Phantom limb pain (PLP) is a common disorder reported by the patients who undergo amputation from peripheral vascular disease, peripheral neuropathic disease, neoplasm or traumatic events. Even though the cause of PLP remains unclear and the large number of treatments has been suggested, there is no single treatment regimen proving long lasting pain relief for PLP. However Gabapentin is widely used and have been well suggested recently for the treatment of neuropathic pain.

The purpose of this study is to evaluate the accuracy and efficacy achieved in using of extended release Gabapentin to offer effective pain relief, improvement of sleep function, and decrease problematic side effects related to the peaks and valleys of the drug's short cycle in patients with PLP. Gabapentin has been clearly demonstrated to be effective in neuropathic pain and epilepsy, but as a treatment option for post amputation pain, it has not been tested.

Approximately, 20 patients will be enrolled in the study, after a titration of two weeks a changing in pain intensity and quality of life will be obtained at subsequent visits. We are expected that the accuracy will be of benefit in reducing the incidence of chronic post-amputation pain and improving clinical outcomes postoperatively.

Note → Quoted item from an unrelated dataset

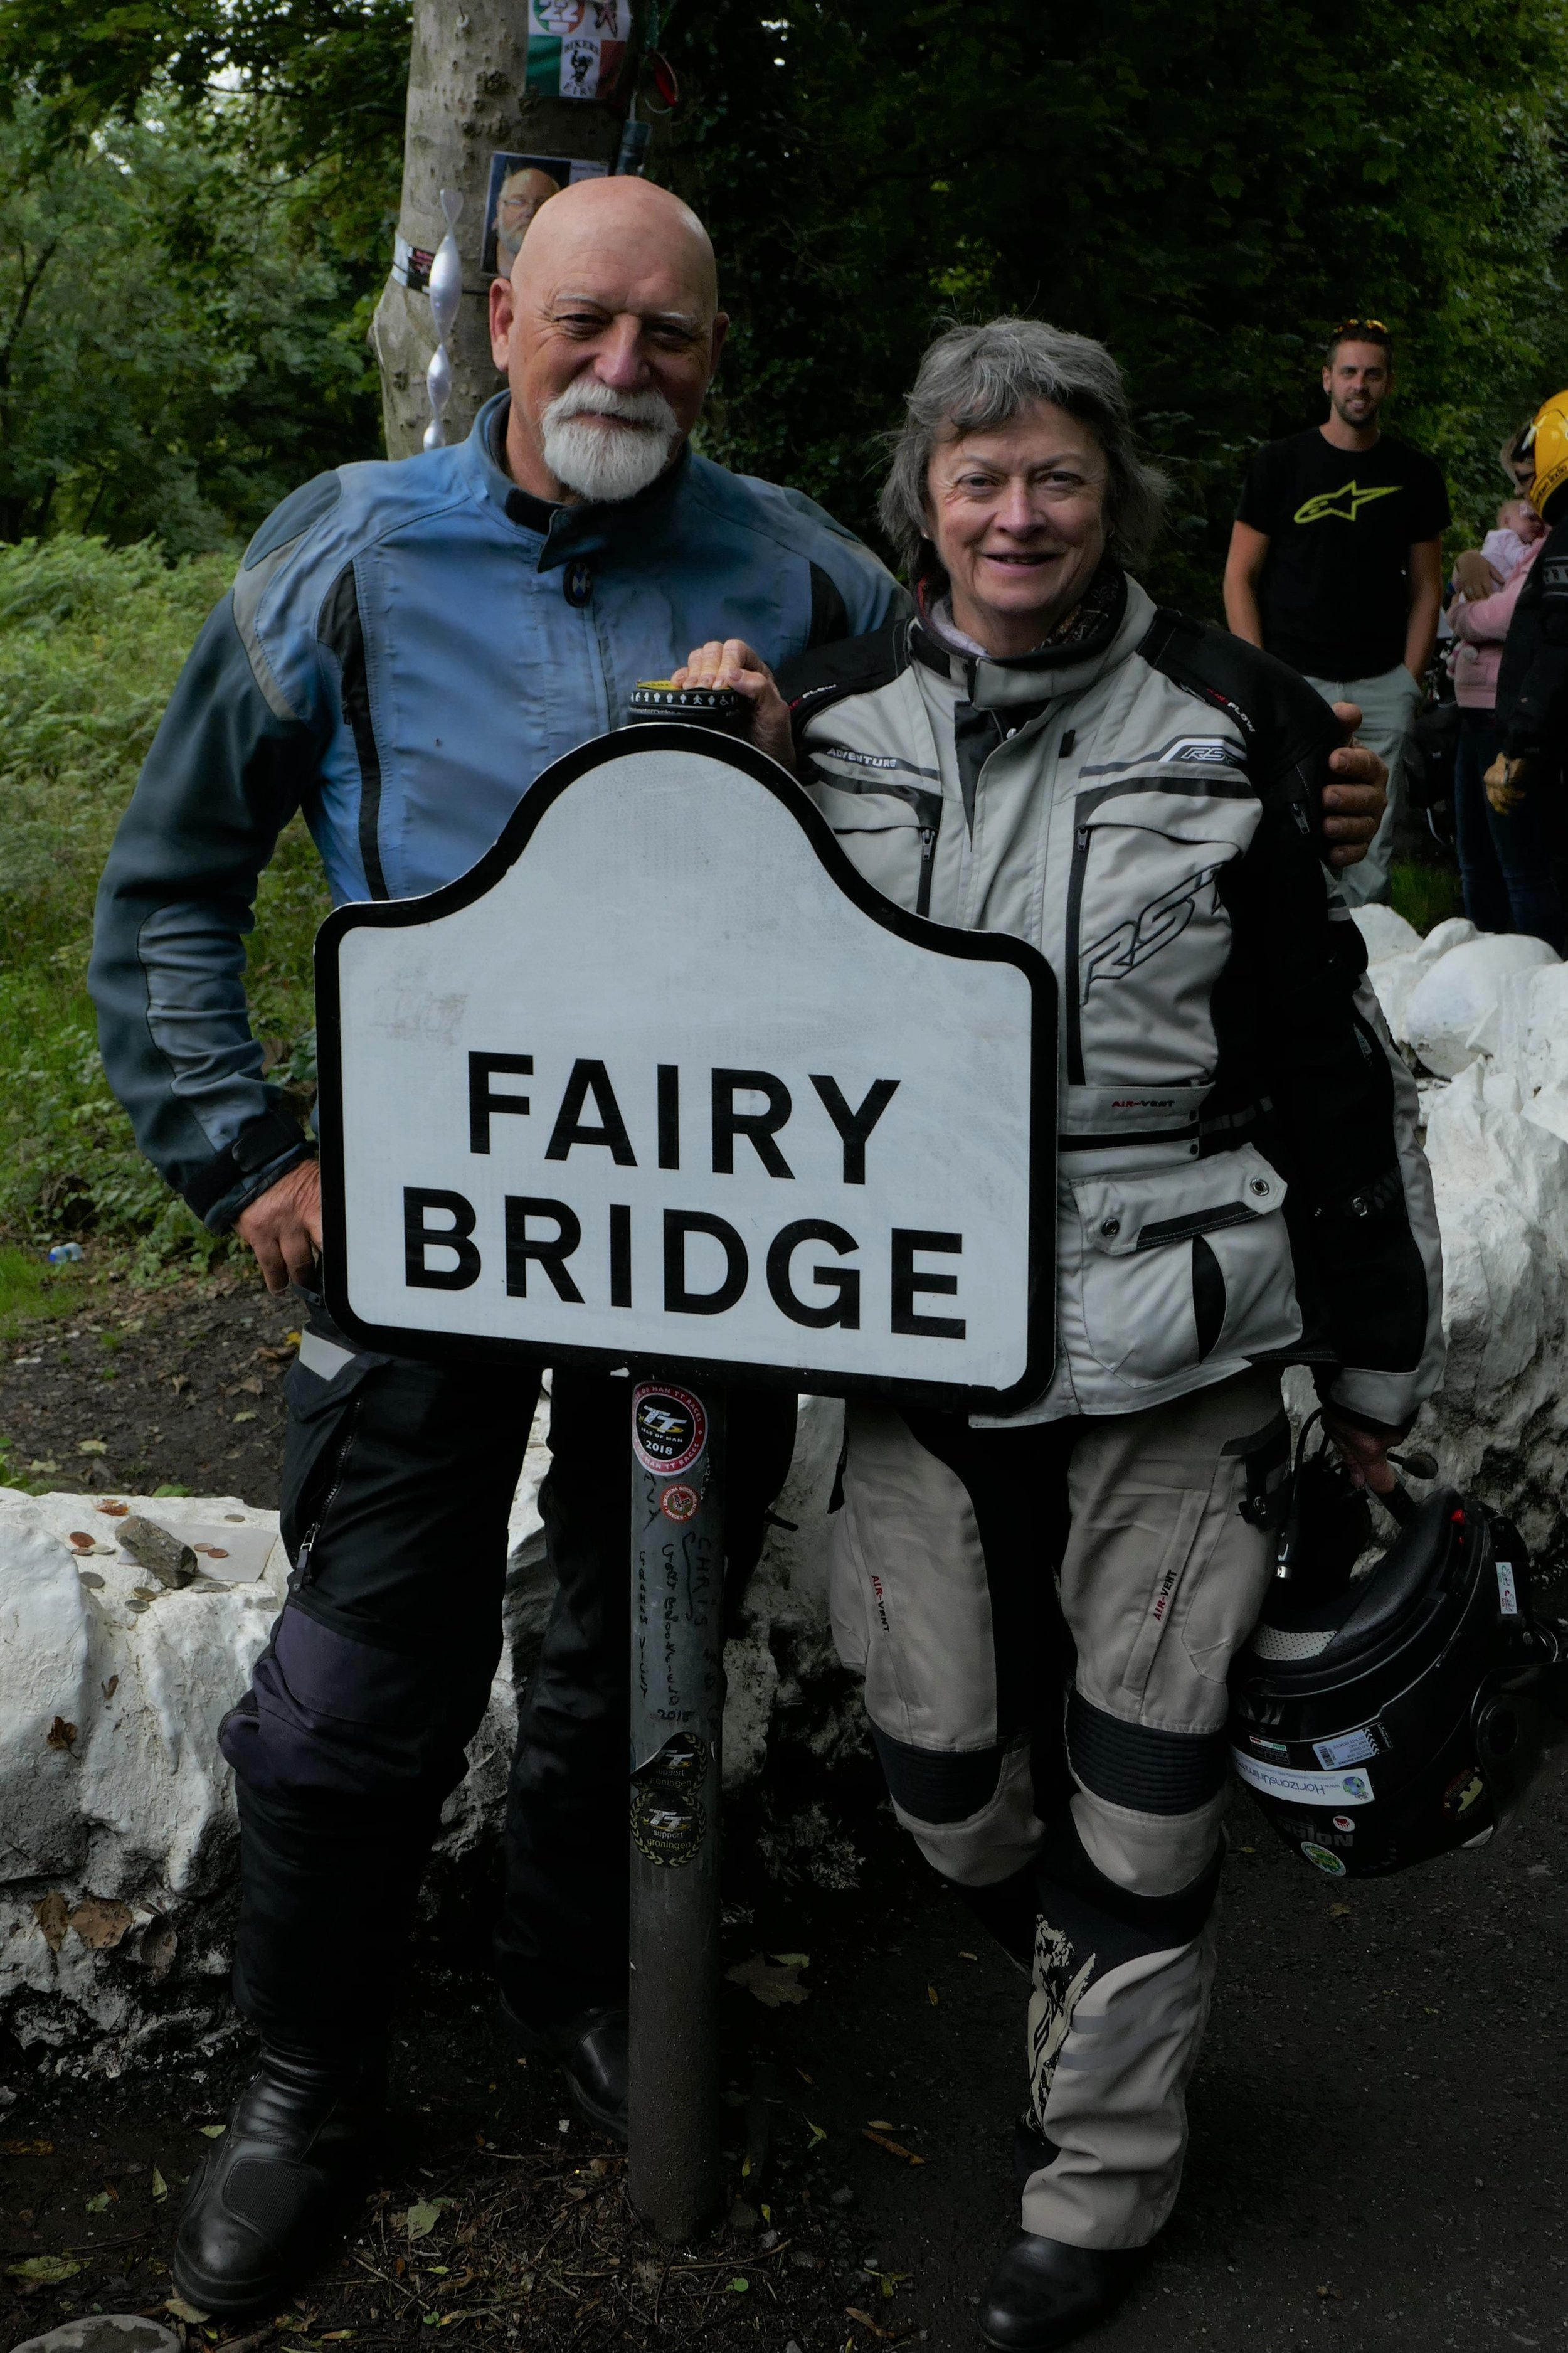 Brian Rix and Shirley Hardy-Rix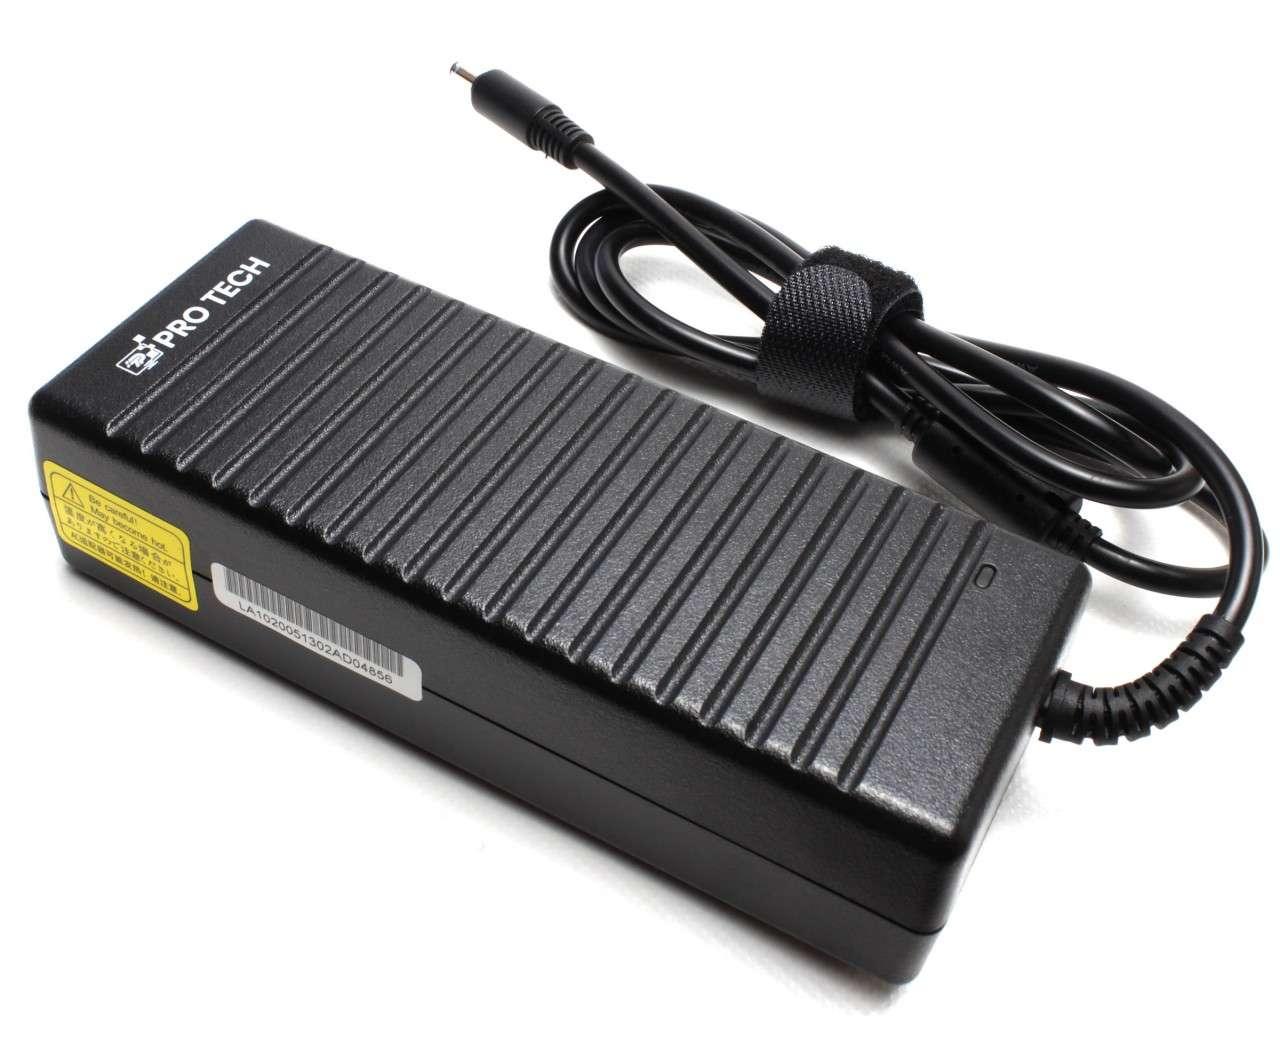 Incarcator Dell Precision 15 9550 130W Replacement imagine powerlaptop.ro 2021

Recruitment information / eligibility

• Status: Active, not recruiting
• Enrollment: 16
• Est. completion date: December 2018
• Est. primary completion date: November 2018
• Accepts healthy volunteers: No
• Gender: All
• Age group: 18 Years and older

Eligibility

Inclusion Criteria:

• Subject must have post amputation pain persisting for more than six months.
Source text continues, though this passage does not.